Data items:
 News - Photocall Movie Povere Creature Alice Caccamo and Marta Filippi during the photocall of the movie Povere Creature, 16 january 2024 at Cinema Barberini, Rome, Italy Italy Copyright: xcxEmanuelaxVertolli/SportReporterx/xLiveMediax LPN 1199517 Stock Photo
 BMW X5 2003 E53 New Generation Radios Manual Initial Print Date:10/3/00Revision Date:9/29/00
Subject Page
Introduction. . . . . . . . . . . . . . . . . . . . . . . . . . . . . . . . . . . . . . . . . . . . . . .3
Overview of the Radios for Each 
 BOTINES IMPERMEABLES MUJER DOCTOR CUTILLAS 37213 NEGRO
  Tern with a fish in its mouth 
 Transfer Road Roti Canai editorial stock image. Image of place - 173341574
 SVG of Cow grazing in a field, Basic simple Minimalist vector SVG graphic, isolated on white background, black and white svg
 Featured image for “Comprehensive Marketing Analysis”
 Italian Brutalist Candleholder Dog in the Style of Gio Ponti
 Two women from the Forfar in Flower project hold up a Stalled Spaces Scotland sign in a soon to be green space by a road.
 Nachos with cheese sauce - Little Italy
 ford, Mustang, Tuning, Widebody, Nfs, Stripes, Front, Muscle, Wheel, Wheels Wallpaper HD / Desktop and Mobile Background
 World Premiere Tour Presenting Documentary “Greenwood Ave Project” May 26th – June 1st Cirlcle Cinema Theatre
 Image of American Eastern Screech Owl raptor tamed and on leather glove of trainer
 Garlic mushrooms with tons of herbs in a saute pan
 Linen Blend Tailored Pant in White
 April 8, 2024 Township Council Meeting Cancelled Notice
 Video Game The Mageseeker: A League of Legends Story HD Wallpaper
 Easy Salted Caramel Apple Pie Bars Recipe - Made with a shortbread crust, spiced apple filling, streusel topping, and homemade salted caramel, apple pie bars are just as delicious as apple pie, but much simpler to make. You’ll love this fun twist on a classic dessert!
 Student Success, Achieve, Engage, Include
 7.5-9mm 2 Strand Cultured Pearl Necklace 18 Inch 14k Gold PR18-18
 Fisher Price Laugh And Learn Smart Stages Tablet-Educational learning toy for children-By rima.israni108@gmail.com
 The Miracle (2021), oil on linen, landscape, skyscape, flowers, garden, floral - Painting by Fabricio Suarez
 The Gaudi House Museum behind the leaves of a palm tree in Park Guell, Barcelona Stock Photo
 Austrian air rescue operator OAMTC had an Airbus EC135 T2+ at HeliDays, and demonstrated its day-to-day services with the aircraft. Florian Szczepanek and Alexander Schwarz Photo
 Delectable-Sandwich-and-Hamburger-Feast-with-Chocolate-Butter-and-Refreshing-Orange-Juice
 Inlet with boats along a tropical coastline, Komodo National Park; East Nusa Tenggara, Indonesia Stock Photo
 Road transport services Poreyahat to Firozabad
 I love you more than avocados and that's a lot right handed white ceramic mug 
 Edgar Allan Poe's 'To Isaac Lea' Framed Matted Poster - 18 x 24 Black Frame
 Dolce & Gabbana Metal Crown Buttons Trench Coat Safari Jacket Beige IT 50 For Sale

▶ [Your assignment] Give only the lines from the one holding "Image of American" through the one holding "Video Game The", each restated exactly as it appears above.

▶ [Answer below]
 Image of American Eastern Screech Owl raptor tamed and on leather glove of trainer
 Garlic mushrooms with tons of herbs in a saute pan
 Linen Blend Tailored Pant in White
 April 8, 2024 Township Council Meeting Cancelled Notice
 Video Game The Mageseeker: A League of Legends Story HD Wallpaper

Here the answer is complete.